Такой фактор, как капиталоемкость, не менее важен и для железнодорожного транспорта. Практически во всех странах мира по этой причине в рамках госкомпаний консолидирован железнодорожный бизнес. Приватизация железных дорог в Великобритании ситуацию в отрасли не улучшила, а напротив, породила хаос.

 

«Ко»: Какие отрасли в России, на ваш взгляд, в наибольшей степени созрели для консолидации? Где нельзя упустить шанс, как это случилось в американской металлургии.

Е.Г.: Американцы действительно в свое время дали маху, запретив в рамках антимонопольного законодательства слияние сталелитейных компаний. Отрасль осталась раздробленной и в высшей степени уязвимой для международной конкуренции. Дело в том, что средним предприятиям весьма сложно заработать или выгодно занять суммы, требуемые для серьезной реорганизации. Поэтому в отличие от южнокорейских или японских конгломератов американские компании не смогли провести в 1990-х модернизацию своих технологических цепочек. В этой связи можно сказать, что конкуренция является дополнительным признаком и стимулом возможной консолидации в отрасли. Когда исчерпаны лимиты «простого» расширения бизнеса, связанного с ликвидацией дефицита на определенный товар или услугу, конкуренция между компаниями резко обостряется. Сейчас эту ситуацию можно наблюдать в российской розничной торговле, пищевой промышленности. За предыдущее десятилетие в этих отраслях появилось большое количество независимых компаний, которые равномерно росли. Дополнительный толчок они получили после дефолта 1998 года, когда многие потребители переориентировались на более дешевые отечественные продукты. Однако главное условие этой модели – быстрый рост совокупных расходов населения на питание – уходит в прошлое. Даже в случае продолжения ежегодного роста доходов россиян на 8 – 10% в год количество «ртов», которые эти отрасли «обслуживают» внутри страны, будет сокращаться. В итоге изменится структура спроса, в первую очередь за счет расширения сегмента дорогих продуктов. Более качественная продукция требует капиталоемкого производства, а снижение числа потребителей обострит конкуренцию. Поэтому уже сейчас можно прогнозировать, что и пищевая отрасль, и розничная торговля, на которую воздействуют схожие факторы, стоят на пороге консолидации. Кстати, аналогичная ситуация складывается сейчас в банковском секторе.

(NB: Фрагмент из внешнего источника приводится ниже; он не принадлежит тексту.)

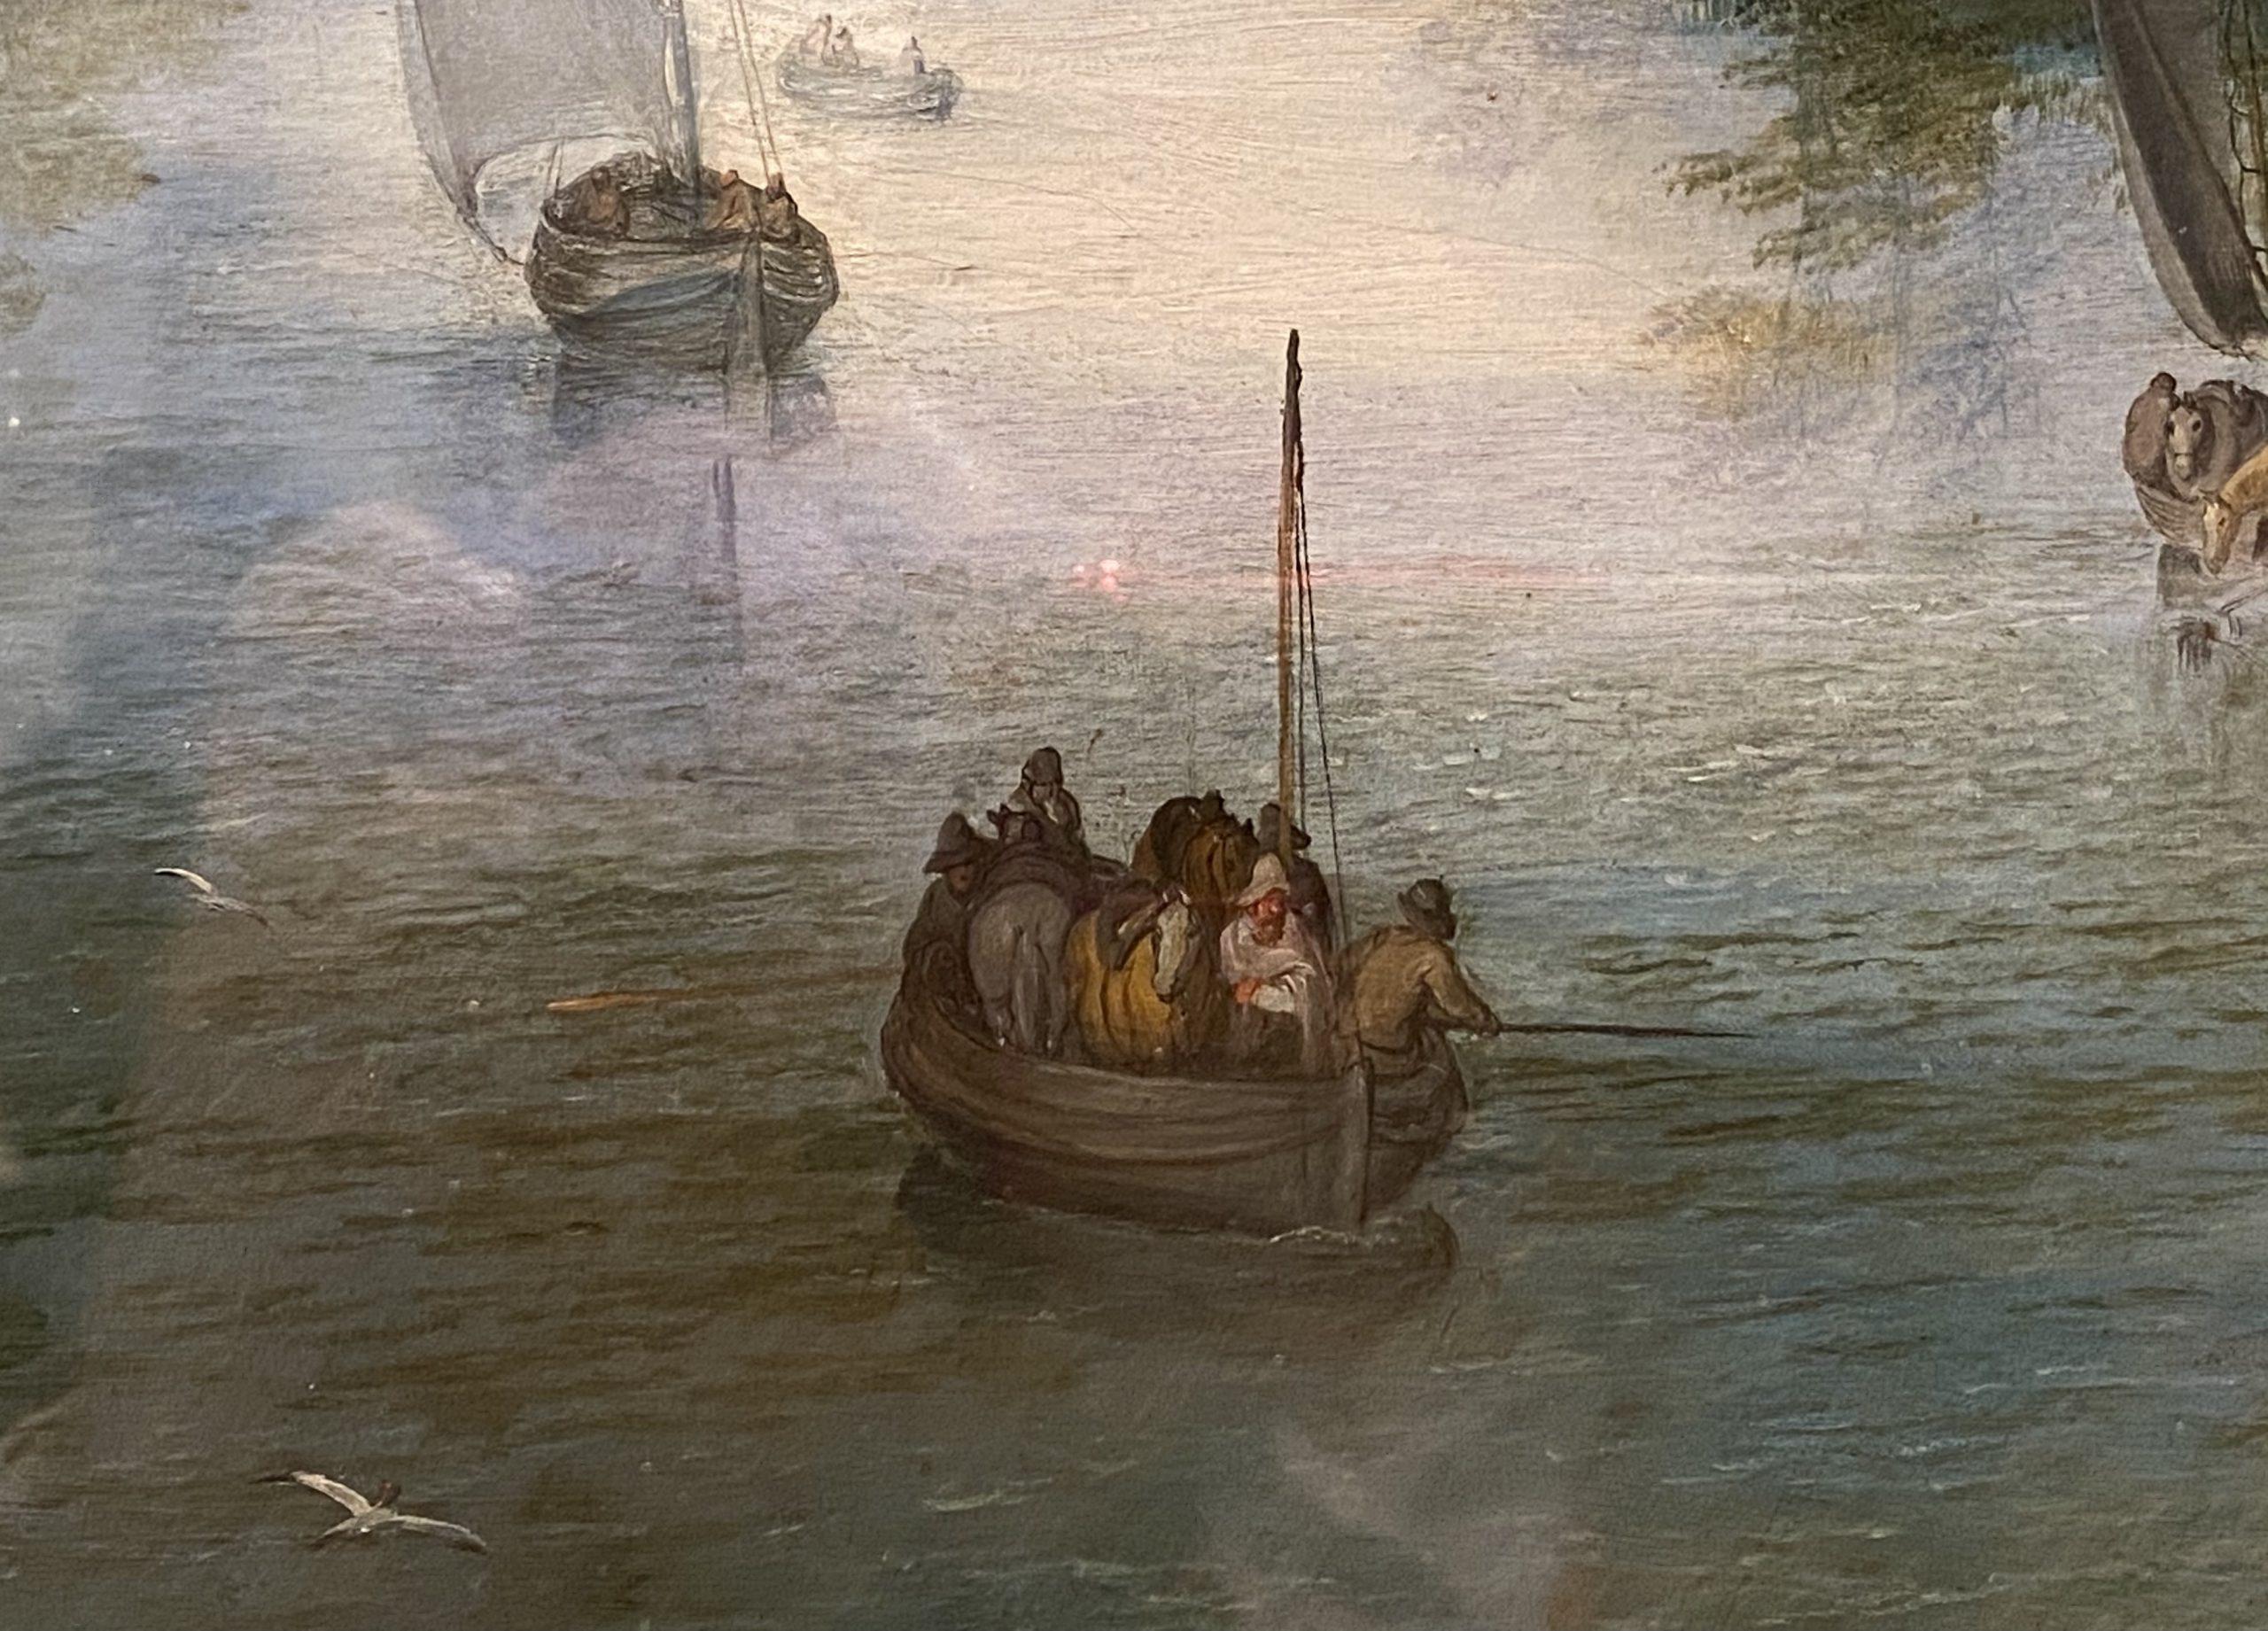 川の風景-ヤン・ブリューゲル長老-特別展【光影浮空-欧州絵画500年】-成都博物館

Что касается базовых отраслей, здесь необходимо четко определить, каковы наши цели, в том числе задачи Министерства по антимонопольной политике (МАП). В России пока существует довольно узкий перечень продуктов, потенциально конкурентоспособных на международном рынке. Очевидно, что их производство требует концентрации значительных ресурсов, и обеспечить ее можно только при условии консолидации большой части активов в определенной отрасли. Если подходить к этой проблеме формально, то налицо угроза «внутреннего» монополизма. Однако подобное негативное влияние в условиях открытой экономики может быть компенсировано за счет внешней конкуренции. От позиции МАП будет зависеть, как эти вопросы станут решаться у нас. Позволю себе напомнить, что США, обжегшись на сталелитейной теме, стали куда осторожнее обращаться с антимонопольными инструментами. Взять, к примеру, пресловутую Microsoft. Конкуренты уже неоднократно пытались добиться раздела компании, ставшей де-факто монополистом в сфере операционных систем. Однако всякий раз дело спускали на тормозах, потому что в высоких вашингтонских кабинетах прекрасно понимают, что Windows для глобального доминирования Америки важнее авианосца Nimitz.

 

«Ко»: Но Microsoft – это частная компания, в России же «священной коровой» был недавно объявлен «Газпром», который ни по эффективности, ни по прозрачности с американским монополистом не сопоставим…

Е.Г.: Как известно, общий замысел реформирования «Газпрома», РАО «ЕЭС» и МПС предполагал выделение монопольной транспортной инфраструктуры, которая остается в руках государства, и приватизацию добывающих и промышленных активов. Более или менее последовательно и близко к оригиналу эта модель сейчас реализуется только в случае с РАО «ЕЭС», хотя и с колоссальными задержками. При этом, на мой взгляд, мы скоро станем свидетелями обратного процесса, когда создаваемые сейчас ОГК начнут поглощать и сливаться друг с другом. Причины те же самые, что и в других отраслях – высокая капиталоемкость, нехватка интеллектуальных, в том числе менеджерских ресурсов. В итоге наверняка сформируются 5 – 6 крупных энергокомпаний, способных самостоятельно и эффективно развиваться. Отказ от реструктуризации «Газпрома» – это отказ от эволюции, попытка заморозить ситуацию. Как свидетельствует история, подобные действия зачастую имеют печальный конец для самого защищаемого. Когда условия изменяются, он оказывается нежизнеспособен и погибает. Впрочем, если реформа электроэнергетики пойдет без сбоев и задержек, реформирование «Газпрома» станет неизбежным. Дело в том, что рынок электричества предполагает существование рынка газа. Долгосрочные контракты, главный «газпромовский» инструмент, новые энергокомпании вряд ли смогут устроить. Или наоборот, незыблемость позиций «Газпрома» поставит под сомнение возможность реализации реформы в электроэнергетике. Посмотрим.